▸ **TASK DETAILS**: The records below need to be printed in full. Keep each one exact.

┌──

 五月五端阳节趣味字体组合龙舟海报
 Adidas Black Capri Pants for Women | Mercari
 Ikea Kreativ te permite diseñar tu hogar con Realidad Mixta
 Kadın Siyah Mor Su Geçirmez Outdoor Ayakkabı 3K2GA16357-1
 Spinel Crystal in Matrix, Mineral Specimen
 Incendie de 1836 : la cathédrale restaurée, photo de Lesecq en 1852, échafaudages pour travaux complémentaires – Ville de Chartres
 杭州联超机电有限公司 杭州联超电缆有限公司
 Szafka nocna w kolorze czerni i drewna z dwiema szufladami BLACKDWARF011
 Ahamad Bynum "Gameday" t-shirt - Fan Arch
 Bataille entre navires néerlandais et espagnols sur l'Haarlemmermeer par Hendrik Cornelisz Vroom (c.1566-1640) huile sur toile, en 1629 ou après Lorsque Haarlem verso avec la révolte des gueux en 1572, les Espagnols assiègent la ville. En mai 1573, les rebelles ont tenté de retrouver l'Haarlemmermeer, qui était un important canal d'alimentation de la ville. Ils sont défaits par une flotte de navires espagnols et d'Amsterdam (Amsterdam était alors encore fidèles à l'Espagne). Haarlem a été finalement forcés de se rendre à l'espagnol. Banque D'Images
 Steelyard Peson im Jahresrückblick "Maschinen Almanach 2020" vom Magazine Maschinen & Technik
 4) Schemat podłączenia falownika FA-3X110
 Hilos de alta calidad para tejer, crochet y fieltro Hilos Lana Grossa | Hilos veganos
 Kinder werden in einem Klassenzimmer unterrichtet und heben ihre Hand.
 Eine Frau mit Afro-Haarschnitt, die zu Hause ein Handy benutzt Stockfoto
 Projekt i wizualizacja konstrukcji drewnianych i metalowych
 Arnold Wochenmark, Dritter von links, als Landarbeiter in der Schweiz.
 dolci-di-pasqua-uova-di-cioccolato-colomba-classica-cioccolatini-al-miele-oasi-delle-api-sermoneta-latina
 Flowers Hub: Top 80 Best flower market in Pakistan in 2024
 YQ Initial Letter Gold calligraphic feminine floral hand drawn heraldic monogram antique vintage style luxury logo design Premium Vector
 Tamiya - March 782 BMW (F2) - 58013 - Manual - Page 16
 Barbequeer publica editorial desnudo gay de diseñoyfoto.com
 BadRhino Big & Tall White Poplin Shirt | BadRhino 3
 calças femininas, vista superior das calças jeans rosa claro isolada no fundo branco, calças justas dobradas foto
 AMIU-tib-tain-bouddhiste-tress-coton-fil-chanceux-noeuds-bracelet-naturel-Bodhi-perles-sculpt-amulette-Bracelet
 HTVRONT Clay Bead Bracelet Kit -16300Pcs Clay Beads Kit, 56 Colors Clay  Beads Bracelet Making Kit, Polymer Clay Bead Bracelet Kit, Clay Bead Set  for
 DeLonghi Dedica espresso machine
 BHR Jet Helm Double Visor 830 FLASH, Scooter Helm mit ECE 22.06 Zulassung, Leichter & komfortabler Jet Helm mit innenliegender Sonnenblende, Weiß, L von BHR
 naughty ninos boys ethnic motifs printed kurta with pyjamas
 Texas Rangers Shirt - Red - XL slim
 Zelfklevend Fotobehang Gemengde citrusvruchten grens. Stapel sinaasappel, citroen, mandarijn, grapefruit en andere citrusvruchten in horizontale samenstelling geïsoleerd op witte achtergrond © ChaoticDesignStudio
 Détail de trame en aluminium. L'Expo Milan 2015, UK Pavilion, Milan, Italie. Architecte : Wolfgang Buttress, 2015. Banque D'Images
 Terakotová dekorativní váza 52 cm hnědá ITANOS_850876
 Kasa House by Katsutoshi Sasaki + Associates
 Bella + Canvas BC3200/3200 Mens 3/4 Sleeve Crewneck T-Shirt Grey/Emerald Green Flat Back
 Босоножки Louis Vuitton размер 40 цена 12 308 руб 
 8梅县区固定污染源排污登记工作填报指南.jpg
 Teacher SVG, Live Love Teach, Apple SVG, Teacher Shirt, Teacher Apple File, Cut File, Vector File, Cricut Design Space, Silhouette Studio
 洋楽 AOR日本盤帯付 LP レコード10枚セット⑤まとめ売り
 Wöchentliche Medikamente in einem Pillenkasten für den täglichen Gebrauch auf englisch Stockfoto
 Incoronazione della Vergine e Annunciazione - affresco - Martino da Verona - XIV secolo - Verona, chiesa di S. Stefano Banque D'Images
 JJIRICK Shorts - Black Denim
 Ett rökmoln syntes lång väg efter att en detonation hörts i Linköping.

└──

▸ **TASK SOLUTION**:
 五月五端阳节趣味字体组合龙舟海报
 Adidas Black Capri Pants for Women | Mercari
 Ikea Kreativ te permite diseñar tu hogar con Realidad Mixta
 Kadın Siyah Mor Su Geçirmez Outdoor Ayakkabı 3K2GA16357-1
 Spinel Crystal in Matrix, Mineral Specimen
 Incendie de 1836 : la cathédrale restaurée, photo de Lesecq en 1852, échafaudages pour travaux complémentaires – Ville de Chartres
 杭州联超机电有限公司 杭州联超电缆有限公司
 Szafka nocna w kolorze czerni i drewna z dwiema szufladami BLACKDWARF011
 Ahamad Bynum "Gameday" t-shirt - Fan Arch
 Bataille entre navires néerlandais et espagnols sur l'Haarlemmermeer par Hendrik Cornelisz Vroom (c.1566-1640) huile sur toile, en 1629 ou après Lorsque Haarlem verso avec la révolte des gueux en 1572, les Espagnols assiègent la ville. En mai 1573, les rebelles ont tenté de retrouver l'Haarlemmermeer, qui était un important canal d'alimentation de la ville. Ils sont défaits par une flotte de navires espagnols et d'Amsterdam (Amsterdam était alors encore fidèles à l'Espagne). Haarlem a été finalement forcés de se rendre à l'espagnol. Banque D'Images
 Steelyard Peson im Jahresrückblick "Maschinen Almanach 2020" vom Magazine Maschinen & Technik
 4) Schemat podłączenia falownika FA-3X110
 Hilos de alta calidad para tejer, crochet y fieltro Hilos Lana Grossa | Hilos veganos
 Kinder werden in einem Klassenzimmer unterrichtet und heben ihre Hand.
 Eine Frau mit Afro-Haarschnitt, die zu Hause ein Handy benutzt Stockfoto
 Projekt i wizualizacja konstrukcji drewnianych i metalowych
 Arnold Wochenmark, Dritter von links, als Landarbeiter in der Schweiz.
 dolci-di-pasqua-uova-di-cioccolato-colomba-classica-cioccolatini-al-miele-oasi-delle-api-sermoneta-latina
 Flowers Hub: Top 80 Best flower market in Pakistan in 2024
 YQ Initial Letter Gold calligraphic feminine floral hand drawn heraldic monogram antique vintage style luxury logo design Premium Vector
 Tamiya - March 782 BMW (F2) - 58013 - Manual - Page 16
 Barbequeer publica editorial desnudo gay de diseñoyfoto.com
 BadRhino Big & Tall White Poplin Shirt | BadRhino 3
 calças femininas, vista superior das calças jeans rosa claro isolada no fundo branco, calças justas dobradas foto
 AMIU-tib-tain-bouddhiste-tress-coton-fil-chanceux-noeuds-bracelet-naturel-Bodhi-perles-sculpt-amulette-Bracelet
 HTVRONT Clay Bead Bracelet Kit -16300Pcs Clay Beads Kit, 56 Colors Clay  Beads Bracelet Making Kit, Polymer Clay Bead Bracelet Kit, Clay Bead Set  for
 DeLonghi Dedica espresso machine
 BHR Jet Helm Double Visor 830 FLASH, Scooter Helm mit ECE 22.06 Zulassung, Leichter & komfortabler Jet Helm mit innenliegender Sonnenblende, Weiß, L von BHR
 naughty ninos boys ethnic motifs printed kurta with pyjamas
 Texas Rangers Shirt - Red - XL slim
 Zelfklevend Fotobehang Gemengde citrusvruchten grens. Stapel sinaasappel, citroen, mandarijn, grapefruit en andere citrusvruchten in horizontale samenstelling geïsoleerd op witte achtergrond © ChaoticDesignStudio
 Détail de trame en aluminium. L'Expo Milan 2015, UK Pavilion, Milan, Italie. Architecte : Wolfgang Buttress, 2015. Banque D'Images
 Terakotová dekorativní váza 52 cm hnědá ITANOS_850876
 Kasa House by Katsutoshi Sasaki + Associates
 Bella + Canvas BC3200/3200 Mens 3/4 Sleeve Crewneck T-Shirt Grey/Emerald Green Flat Back
 Босоножки Louis Vuitton размер 40 цена 12 308 руб 
 8梅县区固定污染源排污登记工作填报指南.jpg
 Teacher SVG, Live Love Teach, Apple SVG, Teacher Shirt, Teacher Apple File, Cut File, Vector File, Cricut Design Space, Silhouette Studio
 洋楽 AOR日本盤帯付 LP レコード10枚セット⑤まとめ売り
 Wöchentliche Medikamente in einem Pillenkasten für den täglichen Gebrauch auf englisch Stockfoto
 Incoronazione della Vergine e Annunciazione - affresco - Martino da Verona - XIV secolo - Verona, chiesa di S. Stefano Banque D'Images
 JJIRICK Shorts - Black Denim
 Ett rökmoln syntes lång väg efter att en detonation hörts i Linköping.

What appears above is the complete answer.